Вадик рассказывал об этом, нервно смеясь, но на самом деле «пограничная» тема болезненна для очень многих жителей нашего города, которые однажды поутру обнаружили себя живущими в другом государстве по капризу дорвавшихся до власти державного алкоголика со товарищи. В этих широтах огромное число смешанных семей, у той же Норки половина родственников живёт по ту сторону границы. Что касается Вадика, то он у нас настоящий «суржик». Мало того, что он происходит от русско-украинских корней, так вот вам ещё один забавный казус: его русские предки – с Полтавщины, а украинские, наоборот, исторически жили в Воронежской области. Теперь и брат Вадика женат на такой же полукровке, да ещё и с примесью осетинской струи. Хотя районный городок, где мы выросли, и не отличается специфическим диалектом, Вадик даже изъясняется на натуральном суржике – видимо, привычки детства и семейного лексикона глубоко в него въелись, а может быть, у него просто ни разу не возникало ощущения несоответствия. В отличие от нас с Ольгой, он никогда не удалялся на жительство дальше чем на двести километров от места, где тридцать с чем-то лет назад появился на свет, а там суржик – дело хотя и не типичное, но нередкое. Словом, сообщение Большакова получило самый живой отклик – ничего удивительного, что и другие собеседники внесли в обмен мнениями свою скромную, но пылкую лепту о вымогательствах наглых пограничников, тупости правительственных постановлений и подлости властей, обрёкших людей на лишения ради обладания политическим капиталом.

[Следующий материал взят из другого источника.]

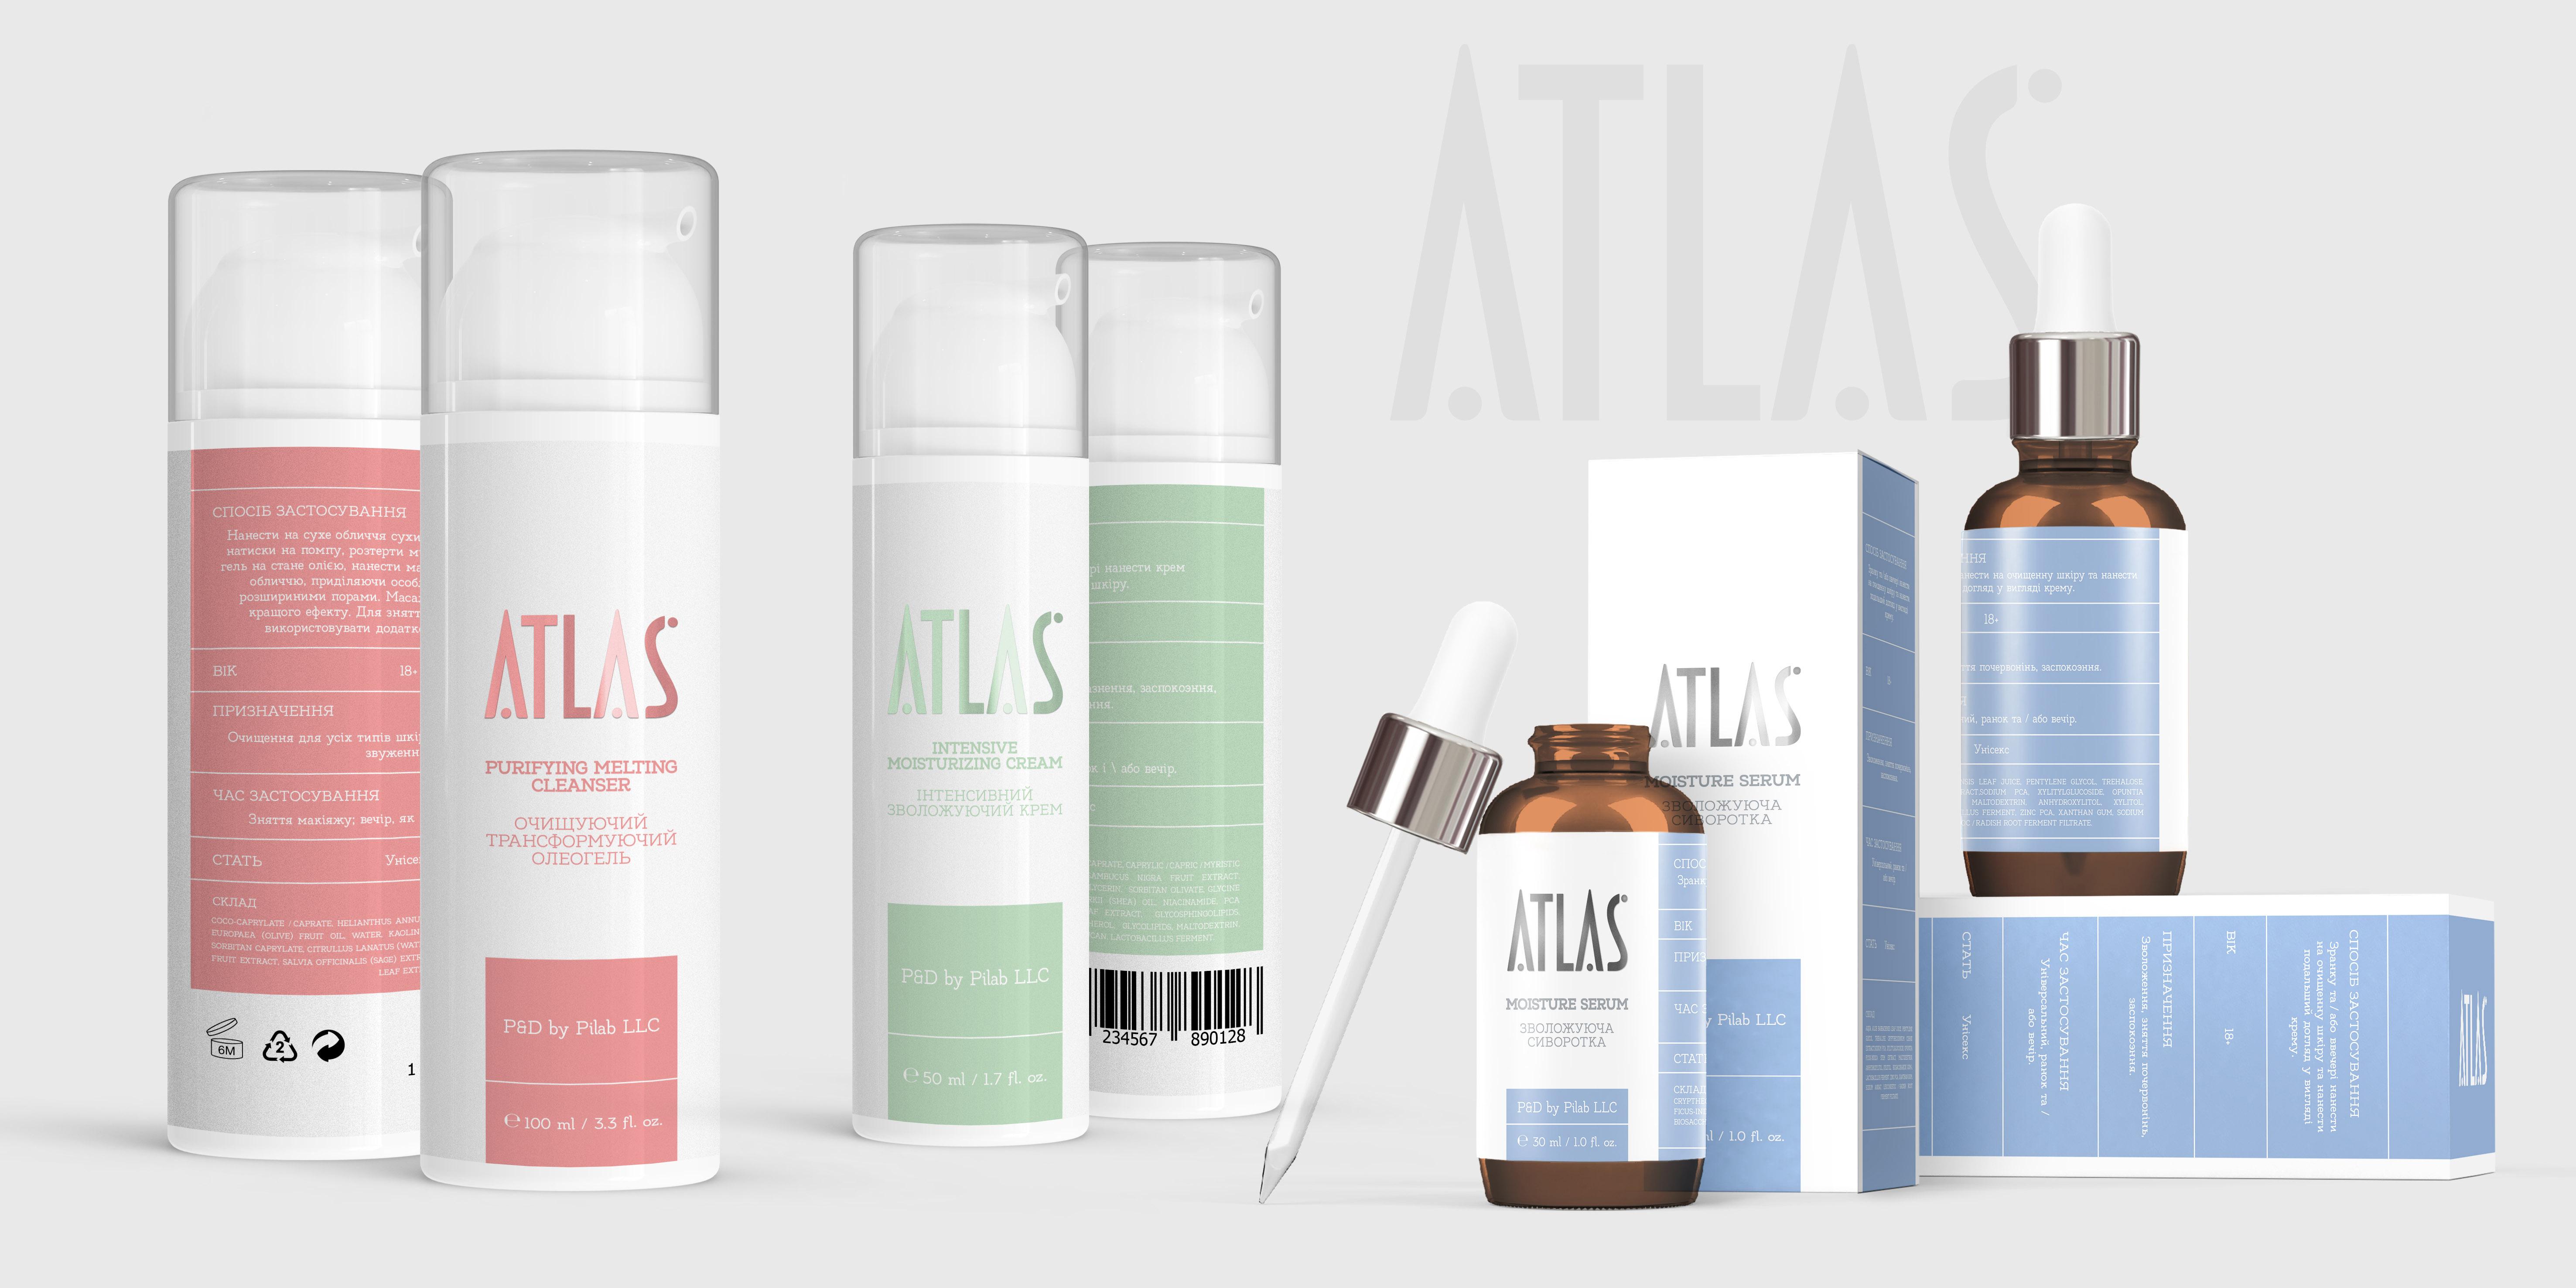 Фото Дизайн этикеток и упаковки для косметики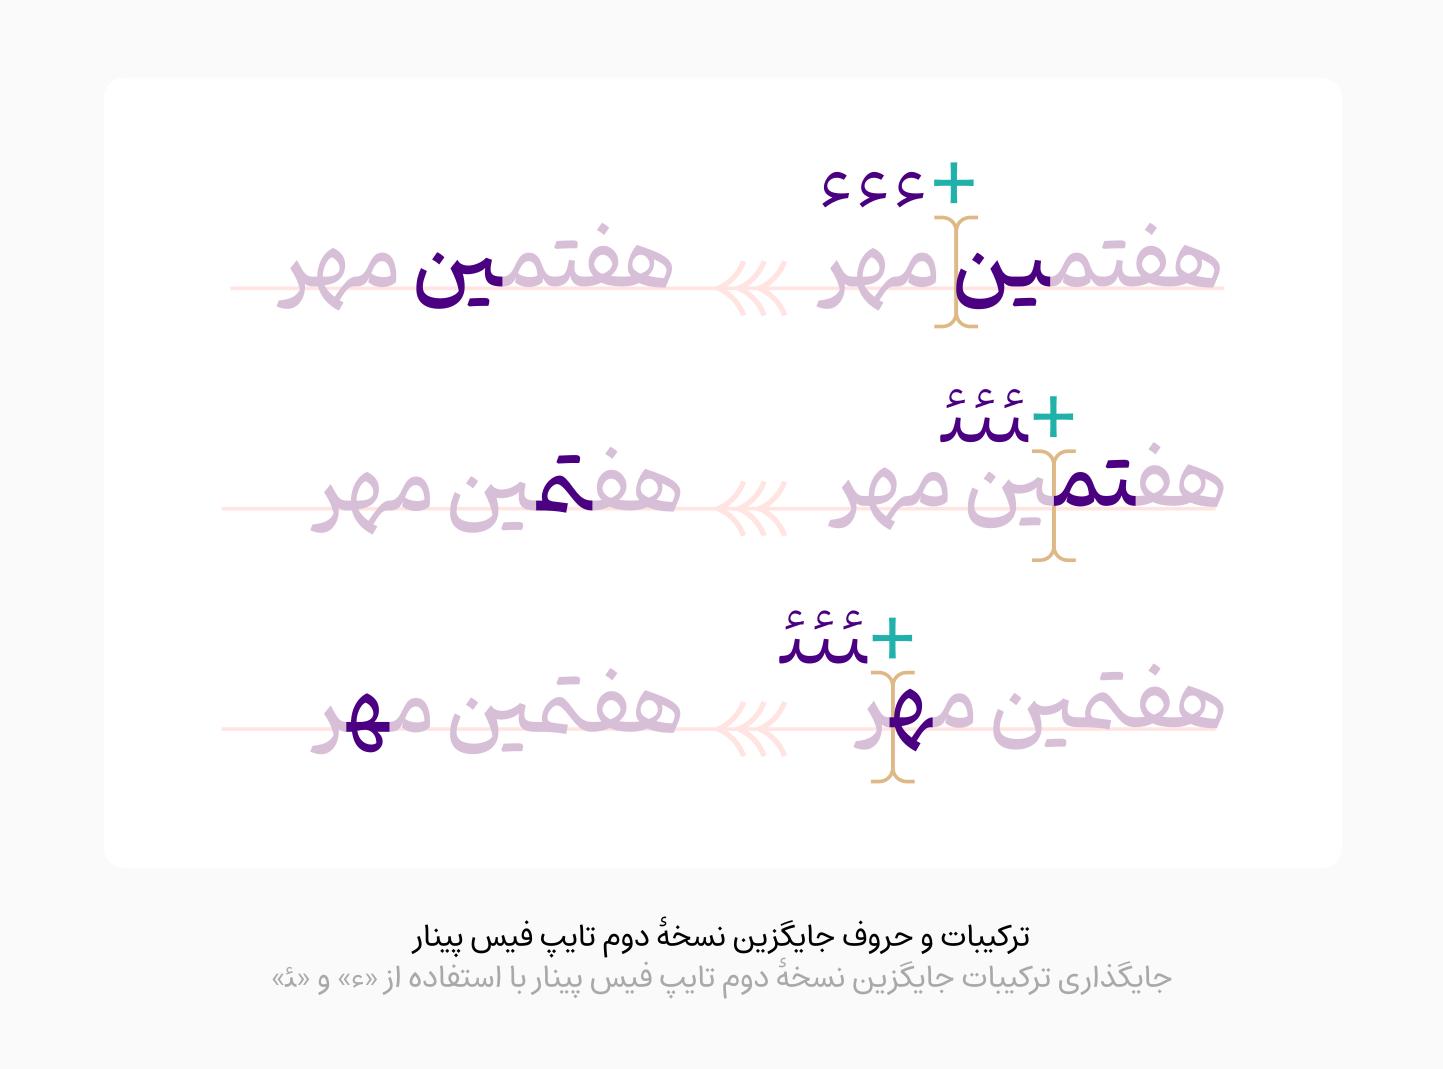 ترکیبات و حروف جایگزین نسخۀ دوم تایپ فیس پینار

Тут-то и влезла в разговор Алла со своими непрошеными поучениями, да ещё и высказанными таким назидательным тоном, что слушать их было вдвойне противно. Решила наставить нас на путь истины, а заодно и заступиться за своего земляка, по праву прославившегося неординарными талантами на многих поприщах – от миротворчества до дирижирования.

– Ну и правильно, что границы! Давно пора – пока инородцы всё национальное достояние России не разворовали. Пора русскому народу избавиться от бесполезного бремени и встать с колен!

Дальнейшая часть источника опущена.